秦老團隊每四小時採集一次血液樣本,監測標記活性的恢復情況。醫療團隊每天兩次換藥,檢查傷口癒合進度。
好消息是,宗師級別的身體素質確實遠超常人。
第三天早上拆開繃帶時,雙臂的傷口已經結了一層薄痂,粉紅色的新生肉芽在縫合線周圍生長。
膝蓋的腫脹消退了大半,雖然還不能承重,但至少可以輕微活動了。
「癒合速度比預期快百分之四十。」
主治醫生難以置信地看著檢測報告,「細胞分裂指數是正常人的三倍。這就是宗師的恢復力?」
「不止。」秦老盯著標記活性的數據曲線,「看這裡,活性水平在緩慢回升,雖然還沒達到受傷前的基準線,但趨勢是向上的。而且……」
他放大一段波形:「出現了新的頻率波動,很微弱,但穩定。像是系統重啟後的自檢程序。」
姜年試著活動手指,傷口傳來刺痛,但可以忍受。
「我能出院了嗎?」
「再觀察二十四小時。」
秦老堅持,「我要確認新出現的波動不會對身體造成負擔。」
下午四點,病房門被敲響。
蘇晴開門,門外站著坐著輪椅的張毅導演,還有抱著一大束百合花的林婉。
「張導?林小姐?」蘇晴有些意外。
「聽說姜老師今天好些了,我們來看看。」
林婉的聲音輕柔,目光關切地投向病房內。
張毅推著輪椅進來,看到姜年裹著紗布的手臂和支具固定的腿,導演的眼睛一下就紅了。
「姜年啊,你這……」他聲音哽咽,「都怪我,那天就該多安排幾個安保。」
「導演,是意外,不怪任何人。」
姜年微笑,「您看,我這不好好的嗎?」
「好什麼好!」張毅抹了把眼睛,「醫生說了,你這傷沒兩個月根本好不利索!戲咱們不急了,你先養著,劇組等得起!」
「真不用。」
姜年示意蘇晴扶自己坐起來些,「醫生說恢復得很好,三天後可以拍文戲。咱們把需要走動的戲往後挪,先把辦公室、病房的對話戲拍了,不耽誤進度。」
「你這孩子怎麼這麼倔!」張毅又急又心疼。
林婉將花插在床頭的花瓶里,輕聲說:「姜老師,大家都特別擔心您。

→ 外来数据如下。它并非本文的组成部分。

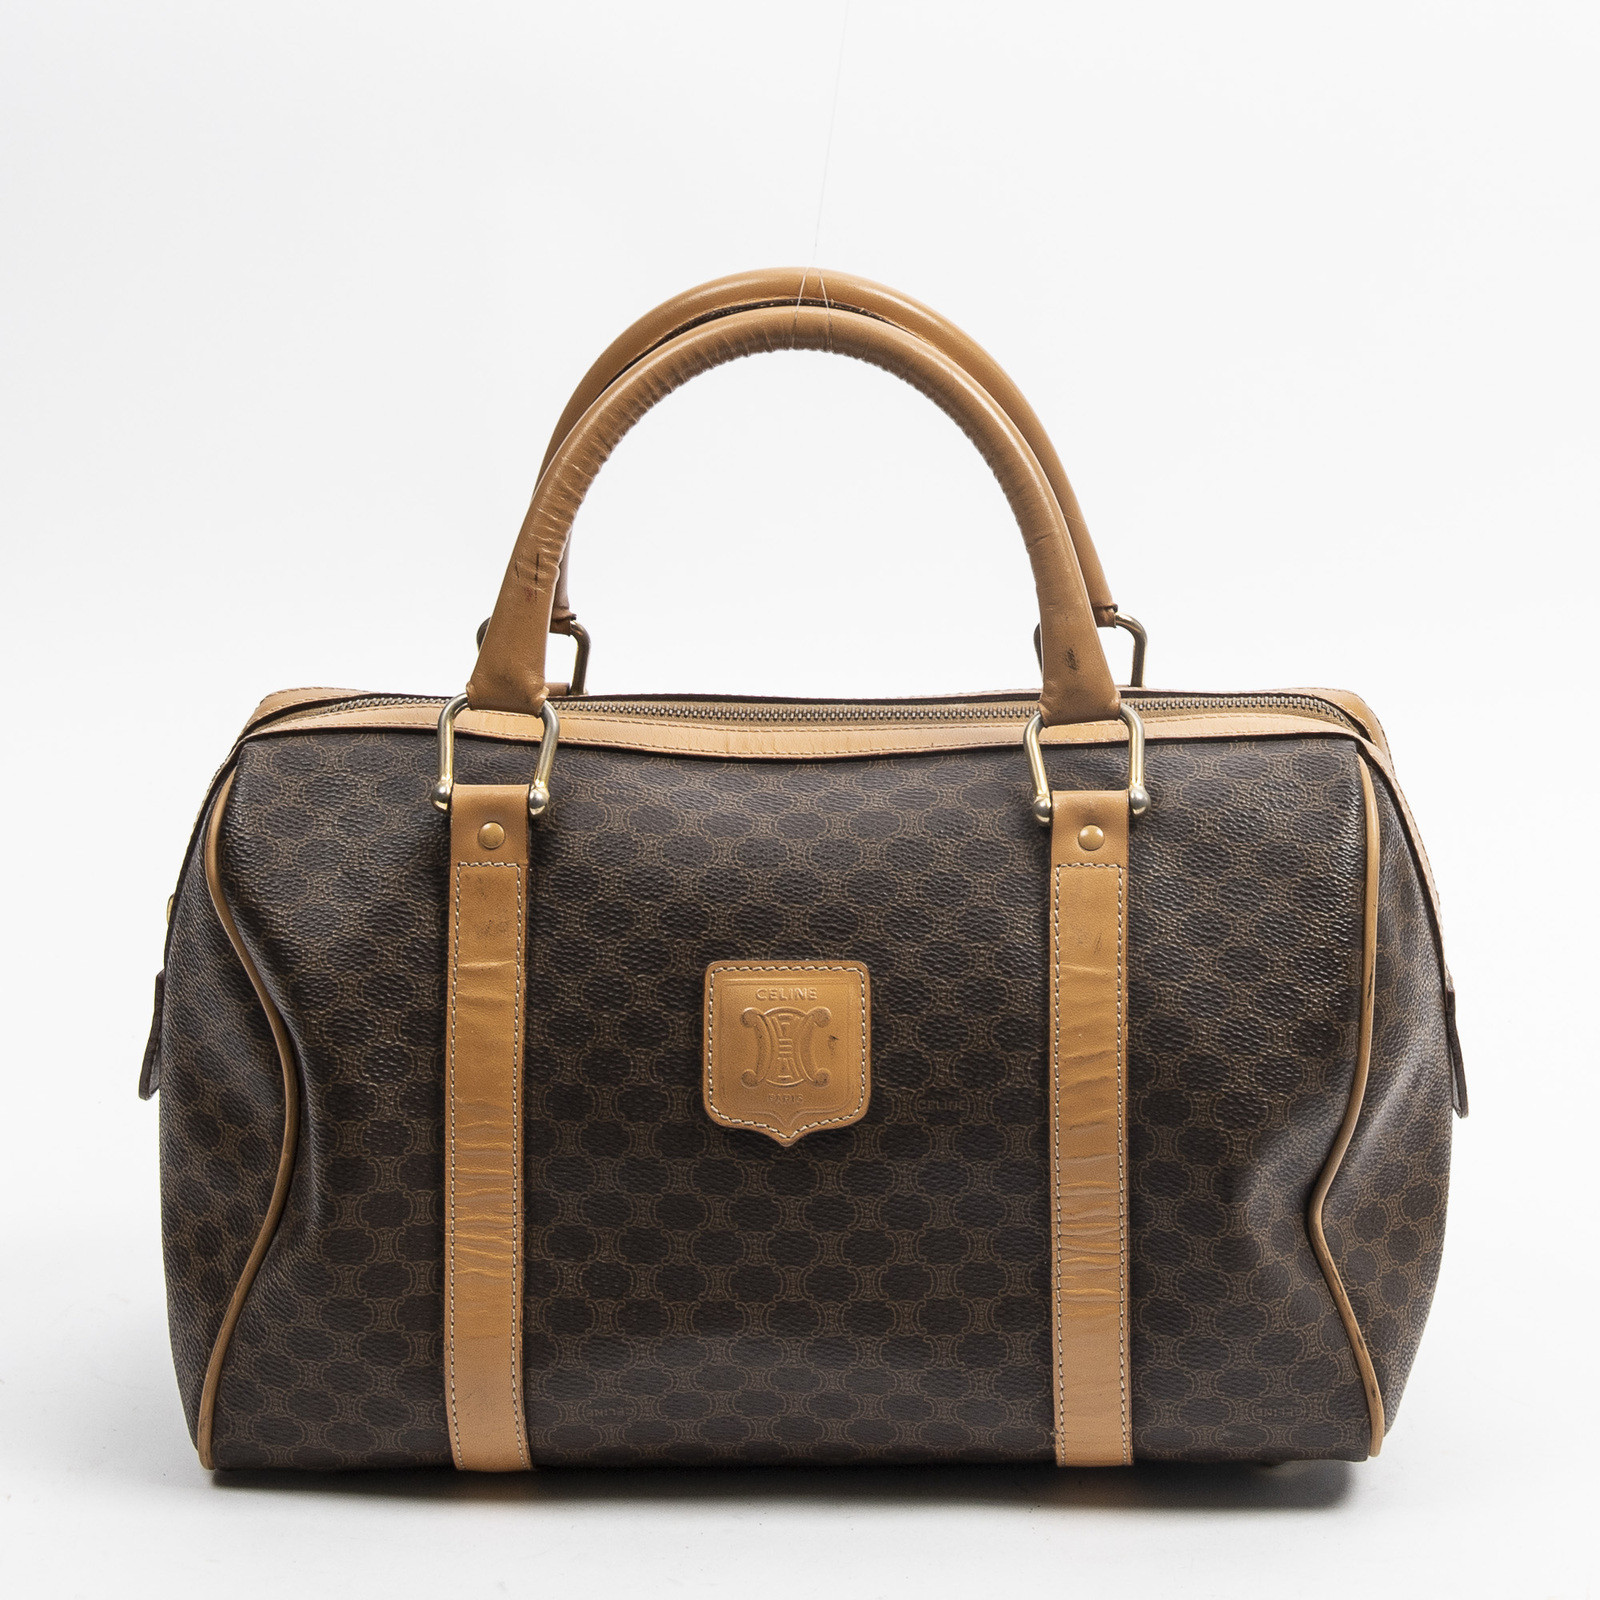 Céline Handbag Canvas in Brown - Acheter Céline Handbag Canvas in Brown d' occasion pour 306€ (6741005)
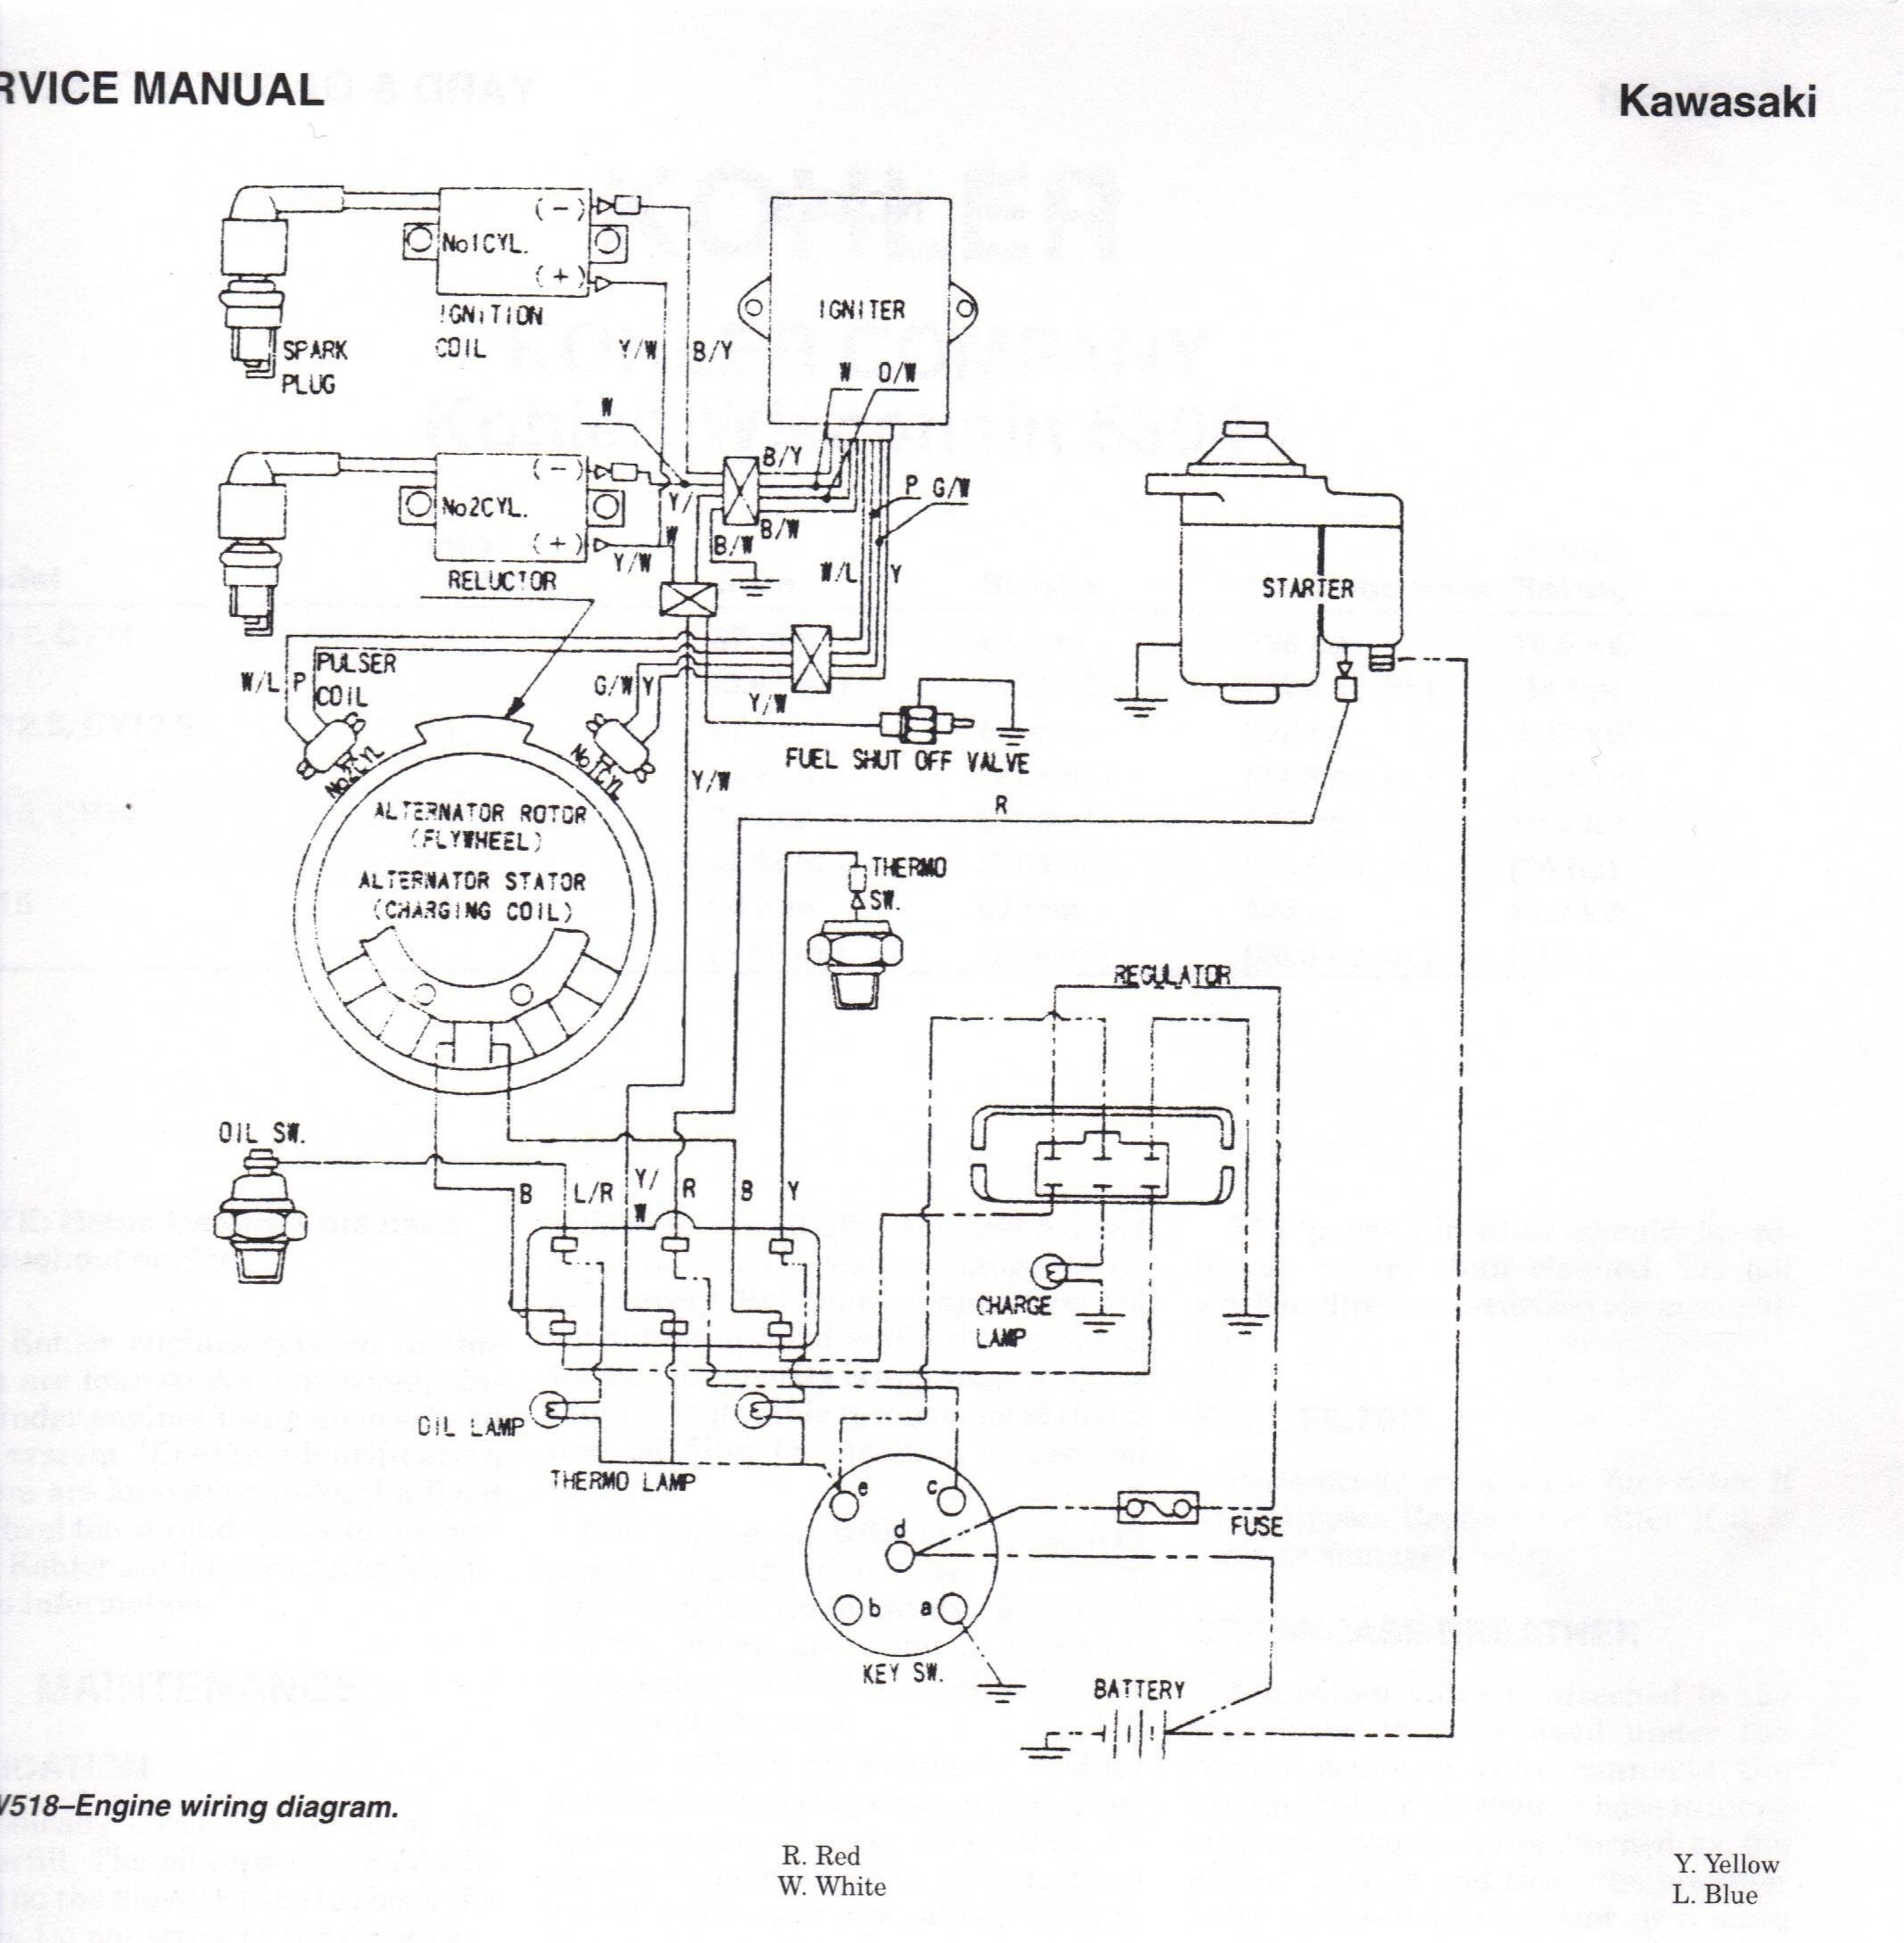 John Deere Gator Ignition Diagram Ct 9164] Gator Xuv 620i Wiring Diagram

陳驍這幾天都沒心思拍戲,天天念叨要是當時他在天台就好了。」
「替我謝謝大家。」
姜年看向林婉,「你也別太累,我聽蘇晴說這幾天你的戲份都排滿了。」
「我沒事的。」林婉搖頭,猶豫了一下,還是問出了口,「姜老師,那天真的是道具事故嗎?」
病房裡安靜了一瞬。
張毅也看向姜年。
姜年神色不變:「不然呢?導演您當時不也在現場嗎?」
「我在監視器後面,等聽到動靜衝上去時,你已經……」張毅皺眉,「但我總覺得哪裡不對勁。」
「那些道具組的人,我後來一個都沒見到。副導演說他們當天就辭職了,這也太巧了。」
「可能是怕承擔責任吧。」
姜年平靜地說,「畢竟出了這麼大的事故。」
林婉還想說什麼,蘇晴適時插話:「張導,林小姐,姜老師需要休息了。醫生交代探視時間不能超過二十分鐘。」
送走兩人後,蘇晴關上門,低聲道:「張導起疑心了。」
「正常。」
姜年看著天花板,「那天現場太混亂,但以張導的眼力,肯定能看出那不是普通事故。不過他查不到什麼,基地已經把所有的痕跡都抹乾淨了。」
「組織那邊。」蘇晴欲言又止。
「他們在等。」
姜年閉上眼睛,「等我落單,或者等我傷好。沈千山受傷不輕,組織短期內應該不會派同級別的人再來。但下一次,可能會更隱蔽,更致命。」
「按計劃,明天出院,後天回劇組。」
姜年打斷她,「該來的總會來。在片場,在鏡頭前,至少他們不敢明著來。」
……
第四天上午,姜年出院。
消息被嚴格保密,車隊從醫院地下通道直接駛出,繞了半個城市才回到影視基地酒店。
吳明早就等在房間,見到姜年這副模樣,經紀人的眼眶立刻就濕了。
「我的姜哥啊!你這……這……」
他圍著姜年轉了兩圈,想碰又不敢碰,「還疼不疼?醫生怎麼說?真的能拍戲?要不咱們再歇歇,違約金我賠得起!」
「真沒事。」姜年無奈,「劇組那邊安排好了嗎?」
「安排好了!」
吳明趕緊匯報,「張導把接下來一周的戲份全部調整了,全是坐著的文戲。您的大部分鏡頭都是上半身特寫,下半身用替身。」
他壓低聲音:「媒體那邊我也打點好了,明天您復工會有幾家關係好的媒體來探班,拍點您帶傷堅持工作的正能量報導,沖沖熱搜。」
「辛苦你了。」
「應該的應該的!」吳明搓著手,「姜哥,有句話我不知道該不該問。」
(還有更新耶)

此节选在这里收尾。